Image and chemical analyses of freezing-induced aggregates of fish natural actomyosin as affected by various phosphate compounds

The impact of various phosphate compounds [sodium tripolyphosphate (STPP), tetrasodium pyrophosphate (TSPP), STPP/TSPP, trisodium pyrophosphate (3SP), sodium hexametaphosphate (SHMP), and disodium phosphate anhydrous (DSPA)] on retarding freeze-induced protein denaturation and aggregation was evaluated. Using natural actomyosin (NAM) extracted from fresh Pacific whiting, the phosphate treatments were evaluated at various concentrations (0.1%, 0.3%, and 0.5%), with and without cryoprotectants (CP) (4% sorbitol and 5% sugar), after different freeze/thaw cycles (F/TC) (0, 3, and 9F/TC). Trimethylamine-N-oxide demethylase (TMAOase) activity, formaldehyde (FA) content, solubility, and turbidity were measured. The other NAM mixture containing the 0.5% STPP/TSPP, STPP, or TSPP along with CP showed low TMAOase activity, low FA production, high salt-soluble proteins solubility, and high turbidity.
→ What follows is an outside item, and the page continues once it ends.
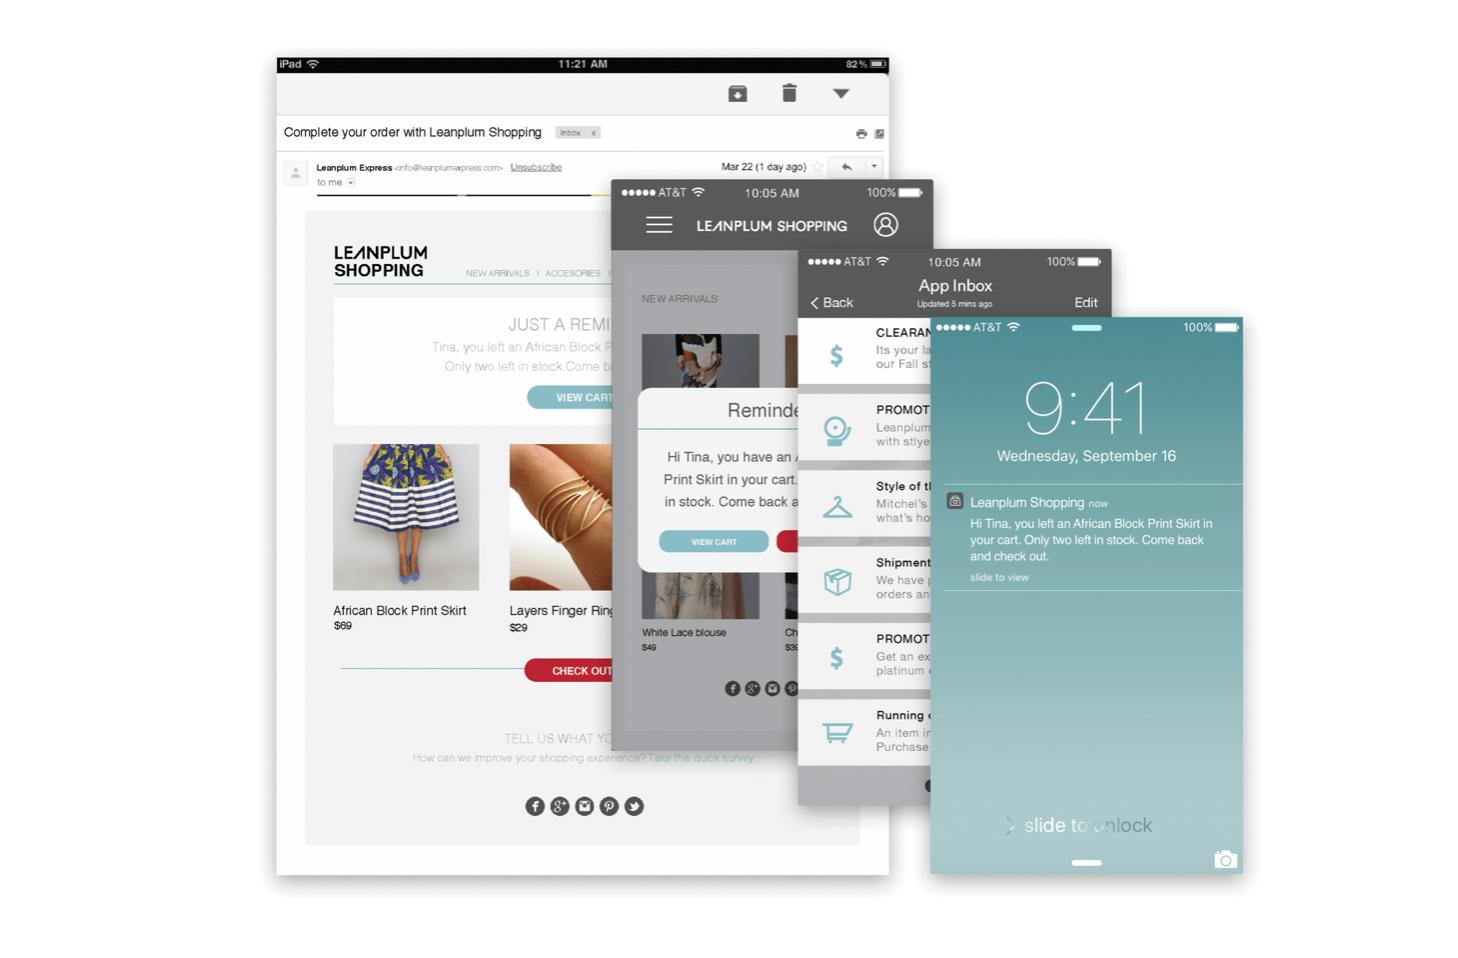 Match Group's Mobile Marketing Platform Leanplum Raises $47m Series D

Among the phosphate treatments, STPP seemed to be the most effective compound in retarding both FA- and freeze-induced protein denaturation and aggregation. NAM without CP was more rapidly denatured and aggregated than NAM with CP as F/TC increased, resulting in a gradual increase in the degree of aggregation (DA). The DA, which was calculated based on graphical images, correlated with biochemical properties.